Mtukufu Rais Yoweri Museveni, shikamoo Mzee! May it please the Lord to protect and preserve you! I respectfully invite you to pause for a moment and consider my response to your State of the Nation Address of June 4, in which you saw fit, somewhat hastily, I venture to suggest, to dismiss this column as a purveyor of lies. The charge is serious. The evidence, however, points in the opposite direction. Two things, for now.
One, I’m not sure if your technical team is developed to the level of cultivating a culture of carrying out post-event surveys as Standard Operating Procedure to gauge public response to such an important address. In the unlikely event they have and in fact did so, they’d perhaps have communicated that very many people found it interesting that you were able to identify only one family in my community of Bugwere, which, you said, has been transformed by your Parish Development Model, PDM. Mtukufu Rais, Uganda has 1,000,000 Bagwere. As a statistical expression, therefore, one successful family out of a million Bagwere presents a disturbing antithesis to your middle-income narrative. It certainly didn’t cover your speech in glory. It was an overt admission of PDM as a policy failure, just like all the other similarly high-sounding interventions before it -Entandiikwa, Poverty Eradication Action Plan (PEAP), National Agricultural Advisory Services (NAADS), Northern Uganda Social Action Fund (NUSAF), Prosperity for All, Operation Wealth Creation, Emyooga, etc. We see a consistent pattern: billions released, but with the only beneficiaries being officers who run those programmes.
Mtukufu Rais, the second point is that your speech, once again, repeated the claim that Uganda attained lower-middle-income status. Absolute fallacy! Your well-paid economists remind us of King Ahab of Israel, who kept 400 prophets at his palace, all bought and paid-for, whose job was to prophesy to the King what he wanted to hear. When the time came for battle, they sold him a dummy – all of them assured him that the Lord would give him victory. Only one prophet – Micaiah, an outsider – whom King Ahab disliked for speaking unpleasant truths, told King Ahab the truth: you’re a dead man if you go to battle with Syria. King Ahab, therefore, threw Micaiah in jail (sound familiar?) and went to battle. He died. As a qualified public policy analyst (omutendeke), I respectfully draw your attention to two broad approaches to middle-income considerations – quantitative and qualitative.
The first approach, which clearly is what you are using, is the ‘Statistical middle-income status’ – a country reaches a certain Gross National Income (GNI) per capita threshold set by institutions such as the World Bank. How do we get that? Simple example: 10 people are in a village. Nine earn $1 a day, but one earns $1,000 d a day. The GNI per capita is total income divided by population. That means that even though 90 percent of the people earn only $1 per day, the GNI is $100.90. Officially, the village is rich!
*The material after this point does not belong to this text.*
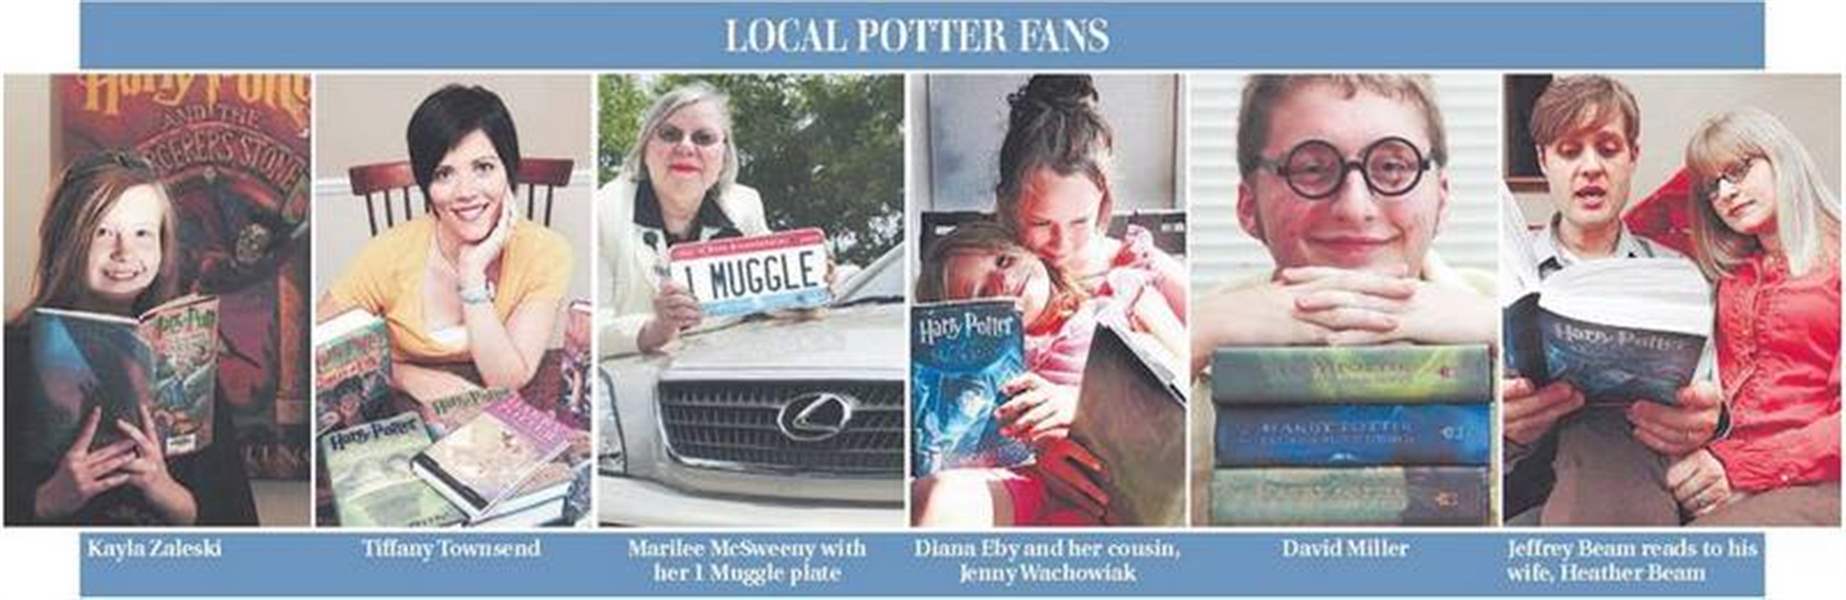 Potter-has-cast-a-spell-on-Toledo-area-fans-2

Now, that is excellent for propaganda purposes, but, as you can see, it’s an insult and injustice to the vast majority who are struggling to survive. This is what, in public policy analysis, we call ‘the tyranny of averages’.
Mtukufu Rais, the more enlightened and elevated approach is qualitative and is, in essence, ‘Sociological middle-income status’ – the emergence of a broad, stable middle class with disposable income, property ownership, educational attainment, and economic security.
Can most Ugandans afford decent housing, access decent healthcare, save monies aside, educate their children with ease, and retire with dignity? No! Most people live hand-to-mouth. Can’t pay rent, find transport to work, or even put food on the table. Mtukufu Rais, even the few with jobs fear retiring because they wouldn’t survive. In fact, at least 3000 Karimojong practically starved to death under our noses in 2022 – as you stood at the podium in Kampala proclaiming ‘middle-income’ status. A nation does not prove its middle-income status by a presidential address in the comfort of a conference hall, surrounded by rich politicians. It proves it by producing millions of citizens who live middle-class lives. Mtukufu Rais, would you feel able to repeat that ‘middle-income’ speech in Karamoja, where my umbilical cord is buried? Mungu azidi kukusitiri, Mtukufu Rais!